Customer empathy is a key component of the Curiosity stage. The more you understand what your customers are trying to accomplish (the customer challenge or opportunity), the jobs to be done, and the associated gains and pains, the better positioned one is to leverage curiosity to drive ideation. Your design thinking research will dictate use some great tools to gain customer empathy including:
- Ethnographic (Observation), Participatory (Engaging) and Qualitative Research
- Creation of Challenge Statements
- Concept Mapping
- Problem Framing
- Stakeholder Mapping
- Persona Development
- Customer Journey Mapping
From a Data Science perspective, we want to decompose the persona’s challenge into the enabling decisions, analytics and data sources. We can make use of the following methodologies and tools to define the analytics necessary to support the Curiosity stage:
Figure : Interweaving Design Thinking and Data Science to Unleash Economic Value of Data
At this point in the “Pathway to Analytics-driven Innovation” map, you should have multiple perspectives on the customer challenge, with a broad understanding of where and how analytics “might” be able to help.
Stage 2: Creativity (Create)
Creativity, which the use of the imagination, ideation and ingenuity to create (remember, create is the foundational word in creativity) is something that uniquely and more effectively solves a customer problem. There are several marvelous and fun Design Thinking tools that help fuel the creativity process including:
- Storyboarding
- Mockups
- Wireframing
- Prototyping
- Usability Testing
From a Data Science perspective, we will blend different data sources, test different combinations and ensembles of Machine Learning and Deep Learning algorithms in order to quantify the patterns, trends and relationships that are better predictors of performance and behaviors.
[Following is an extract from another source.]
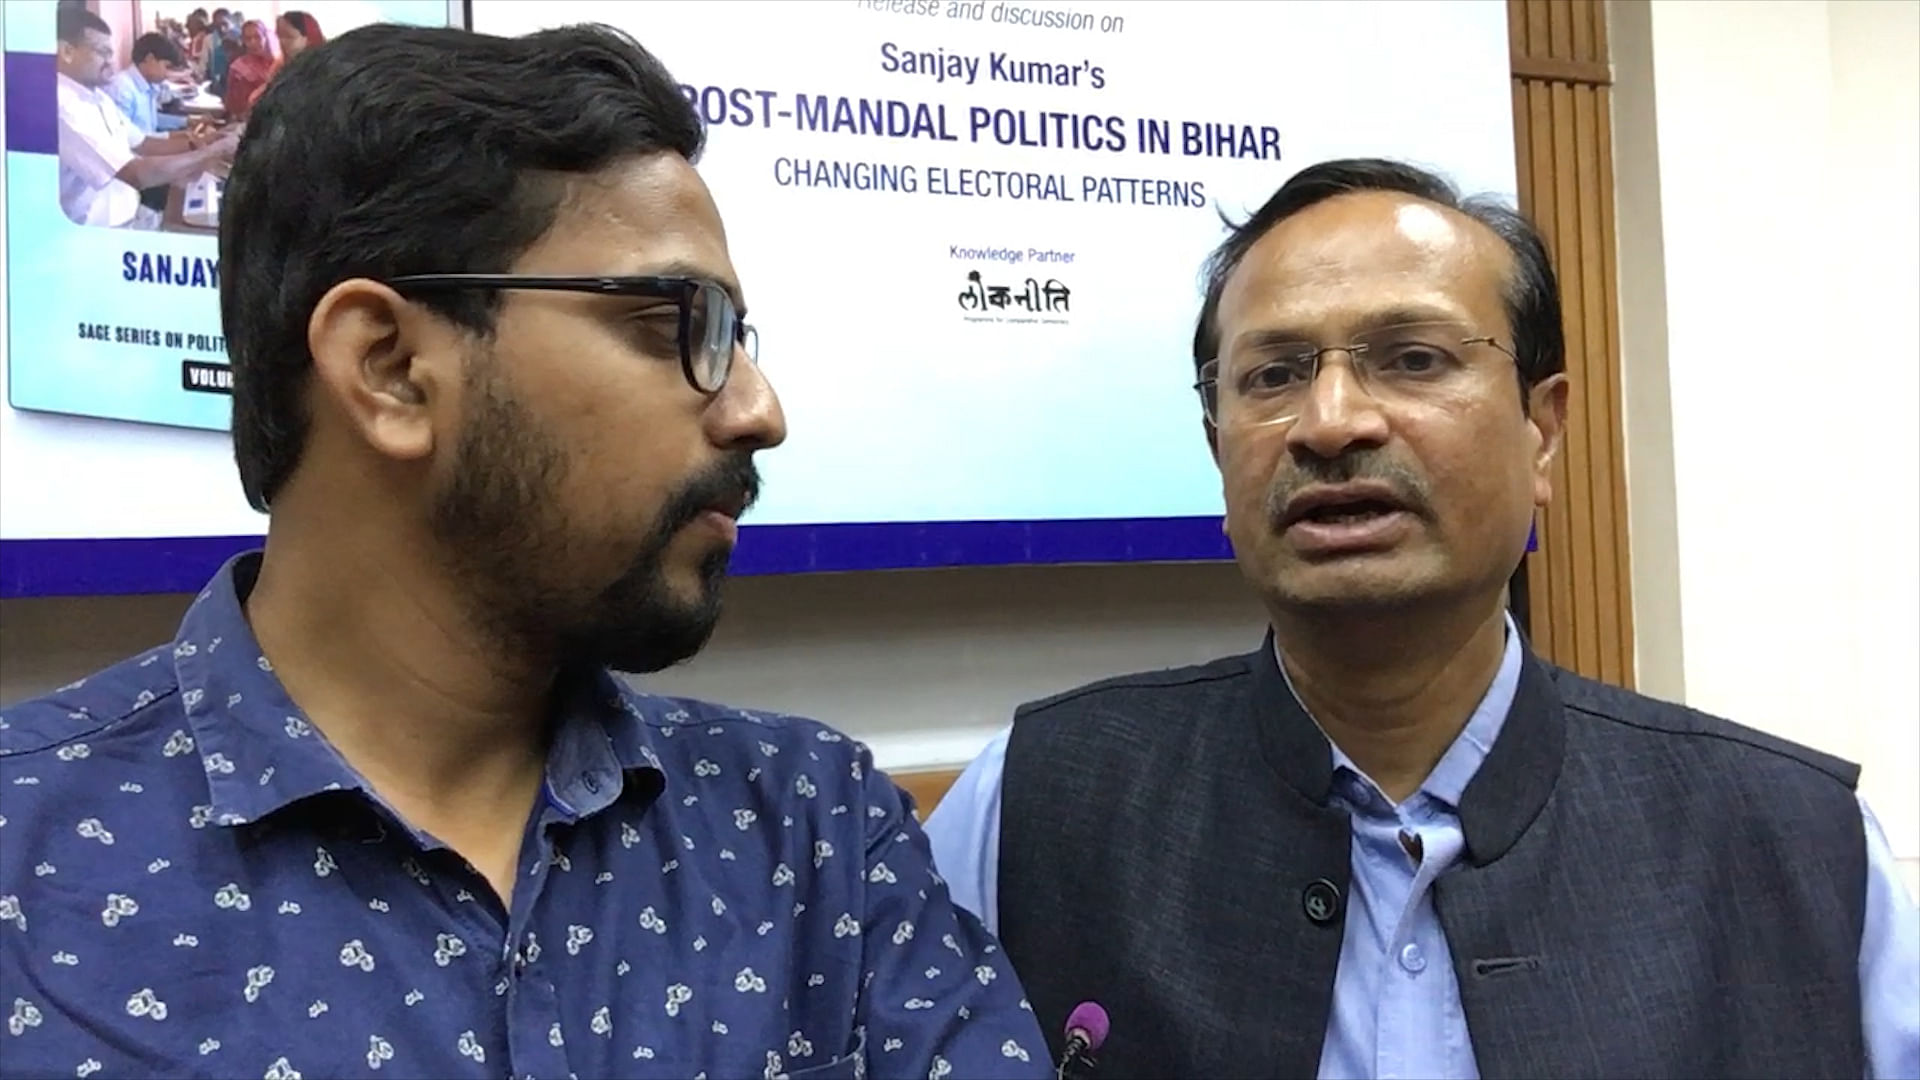 Sanjay Kumar, Director of CSDS, claimed BJP may lose voters in 2019 elections.

The tools and techniques that we will use in the Creativity stage of the “Path to Analytics-driven Innovation” map includes:
- Analytics Proof of Value
- Data Transformation and Enrichment
- Feature Engineering
- Ensemble Modeling
Figure : DEPPA Data Science Development Process
At this point in the “Path to Analytics-driven Innovation” map, we have tested the user viability of the new innovation (using Design Thinking) and analytics value and scalability (using Data Science).
Stage 3: Innovation
The final stage, the Innovation stage, is driven by integrating AI (Machine Learning, Deep Learning, Reinforcement Learning, etc.) with the customer journey to create a new “intelligent” product and/or service that can continuously learn and evolve through the usage of that product and/or service, with the ultimate goal of learning and evolving the product and/or service without human intervention (autonomous).
The Design Thinking tools that will help us in the Innovation phase include:
- Cover Story Mock-ups
- Scenario Modelling
- Customer Trial and Testing
- Experimentation
- Validate & Scale (Lean Start-Up: Build, Learn, Measure)
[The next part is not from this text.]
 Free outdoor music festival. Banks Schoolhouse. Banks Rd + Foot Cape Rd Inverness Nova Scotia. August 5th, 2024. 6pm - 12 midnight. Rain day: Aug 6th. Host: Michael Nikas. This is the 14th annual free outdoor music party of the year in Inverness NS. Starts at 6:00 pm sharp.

The Data Science tools and techniques that will accelerate continuous learning and adapting (and the creation of intelligence) include:
- Federated Learning
Summary: Analytics-driven Innovation Framework
As the Chief Innovation Officer, I am seeking to 1) blend data science, design thinking, value engineering and economics within a 2) constantly transforming business and technology environment in order to 3) continuously learn, adapt and create new sources of customer, product and operational value.
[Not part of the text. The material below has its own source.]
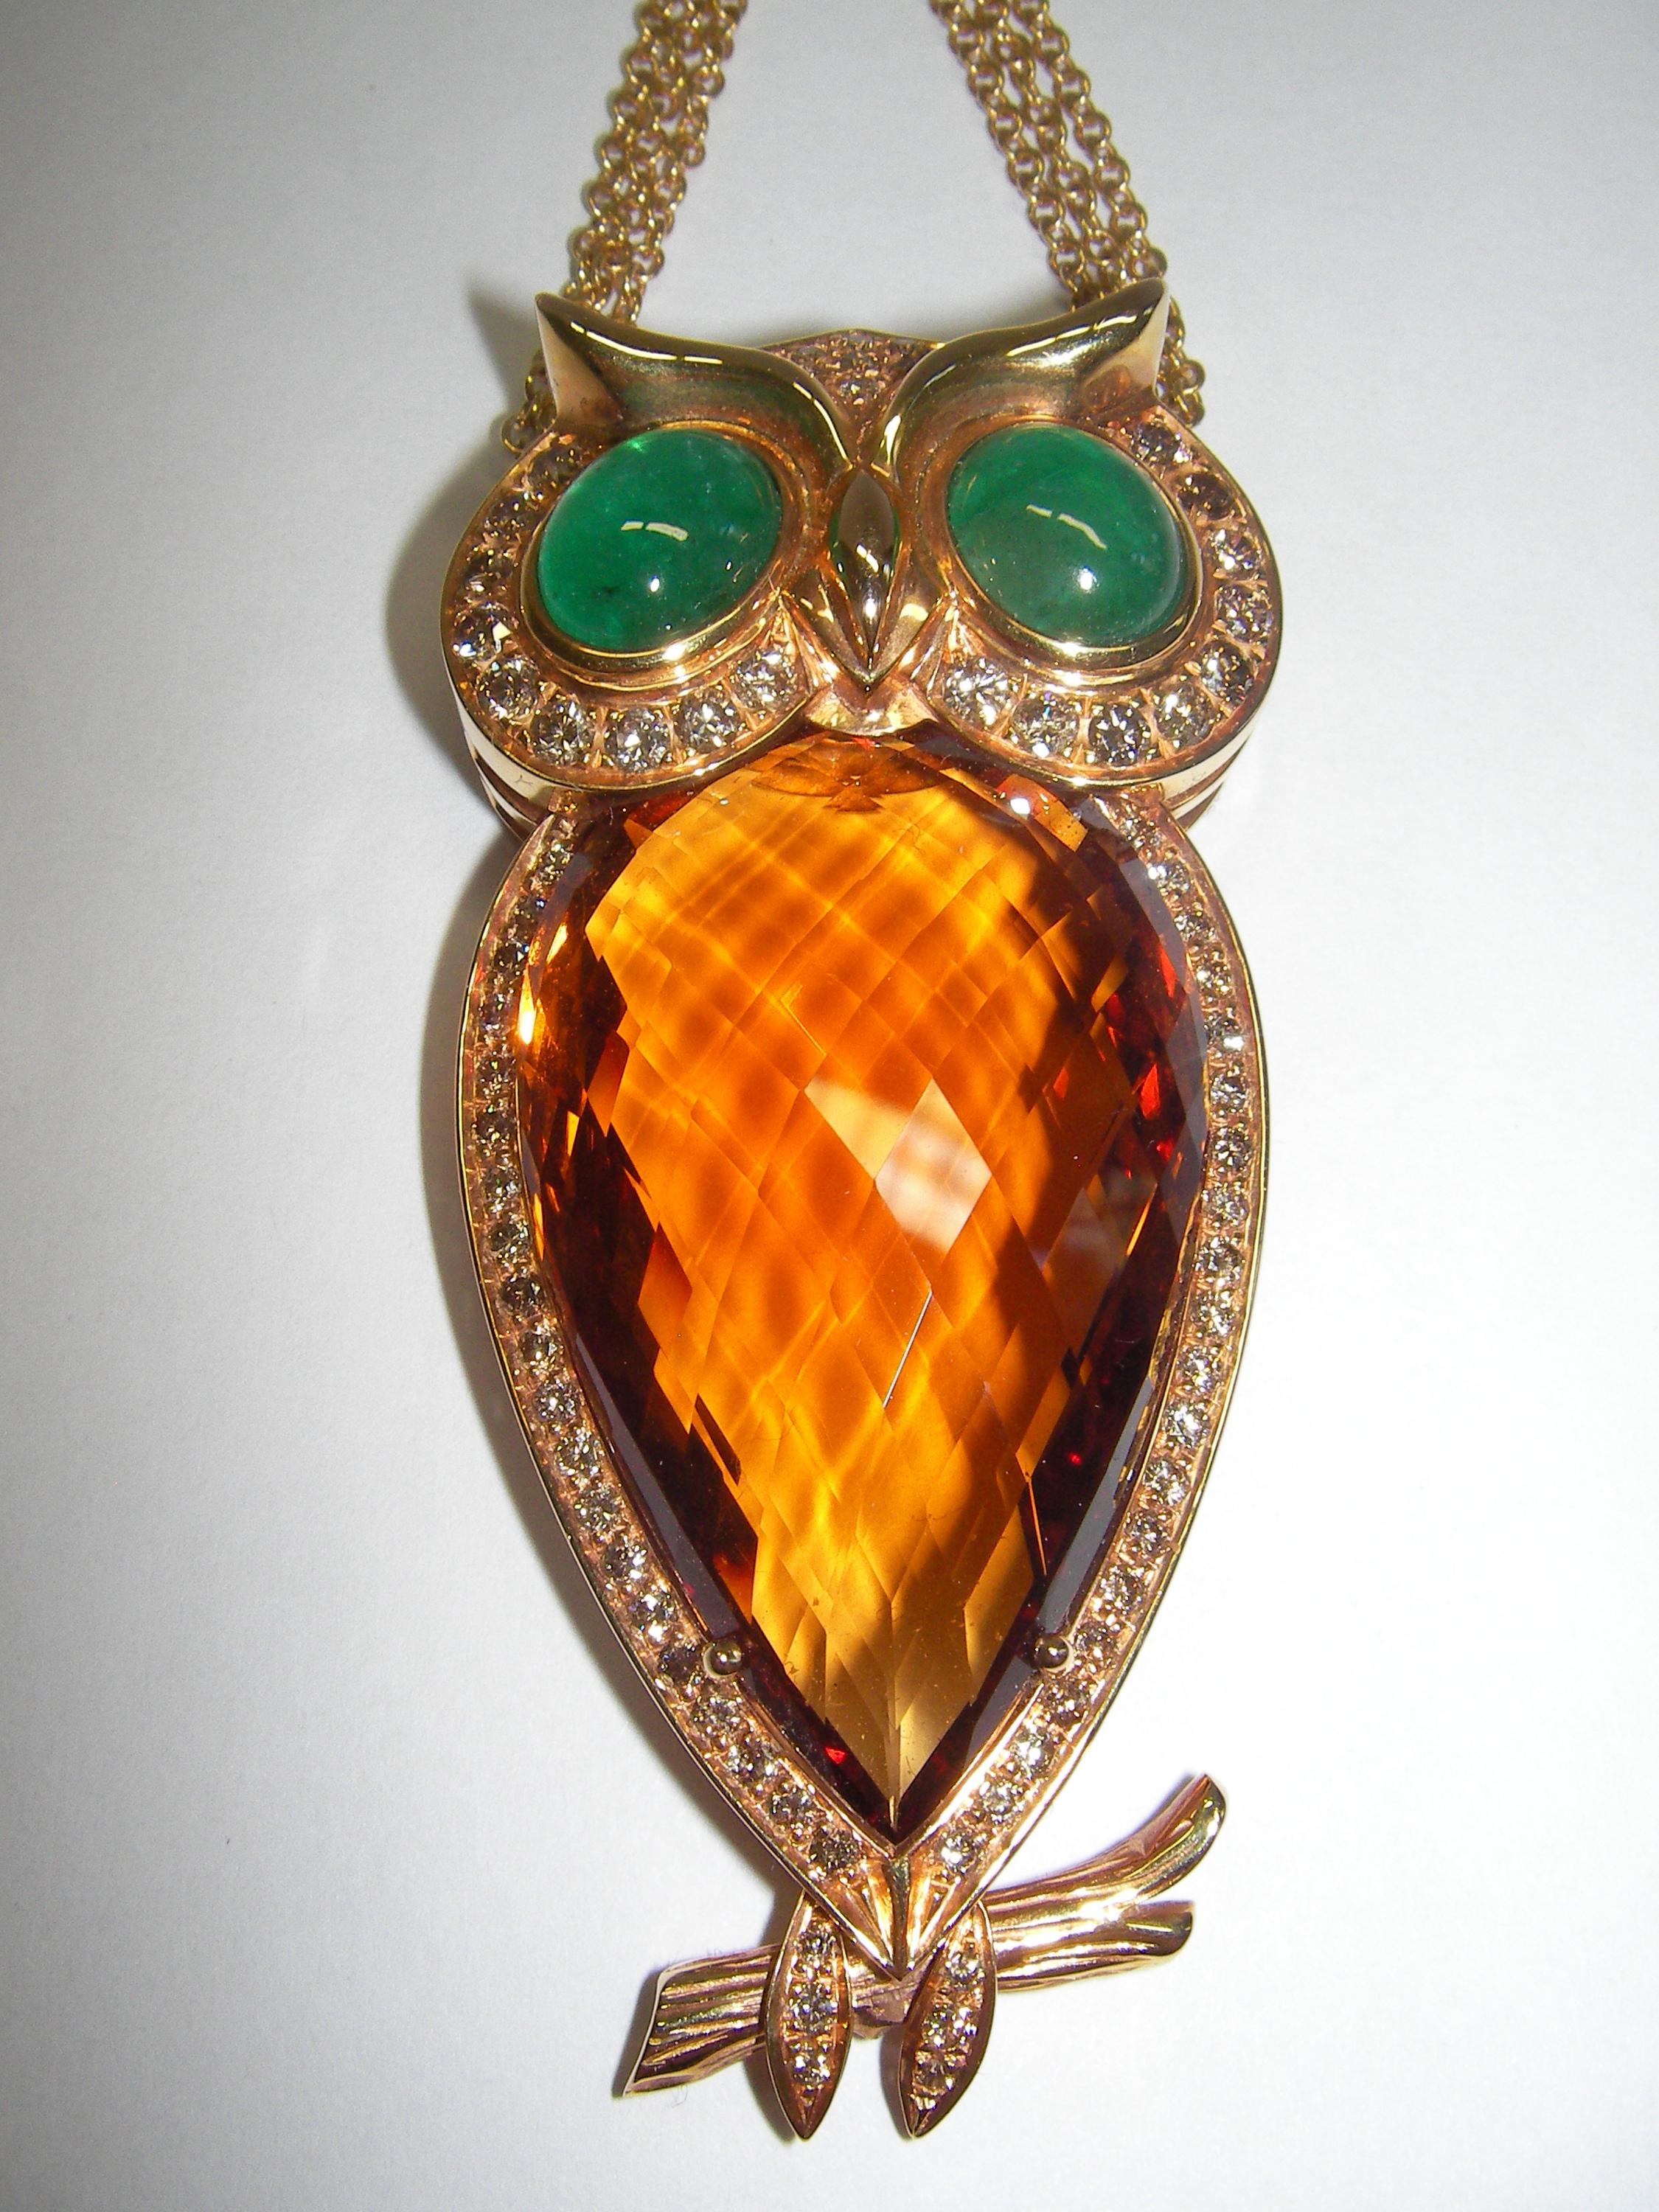 Offered here is a truly unique 18 karat rosé gold Owl shaped pendant set. Elegant Cognac colored Diamonds and vibrant Emeralds enhance the exquisite center Citrine palm stone measuring almost 75 Carat. The delicate anchor link chain compliments this

The “Pathway to Analytics-driven Innovation” will evolve to bring together the different disciplines of data science, design thinking, value engineering and economics to create, capture and deliver new sources of value to our customers, our company and our ecosystem.
Figure : Pathway to Analytics-driven Innovation
Heck, if one can’t have an aspirational vision, one might as well retire. So, welcome to the continuation of my Most Excellent Adventure!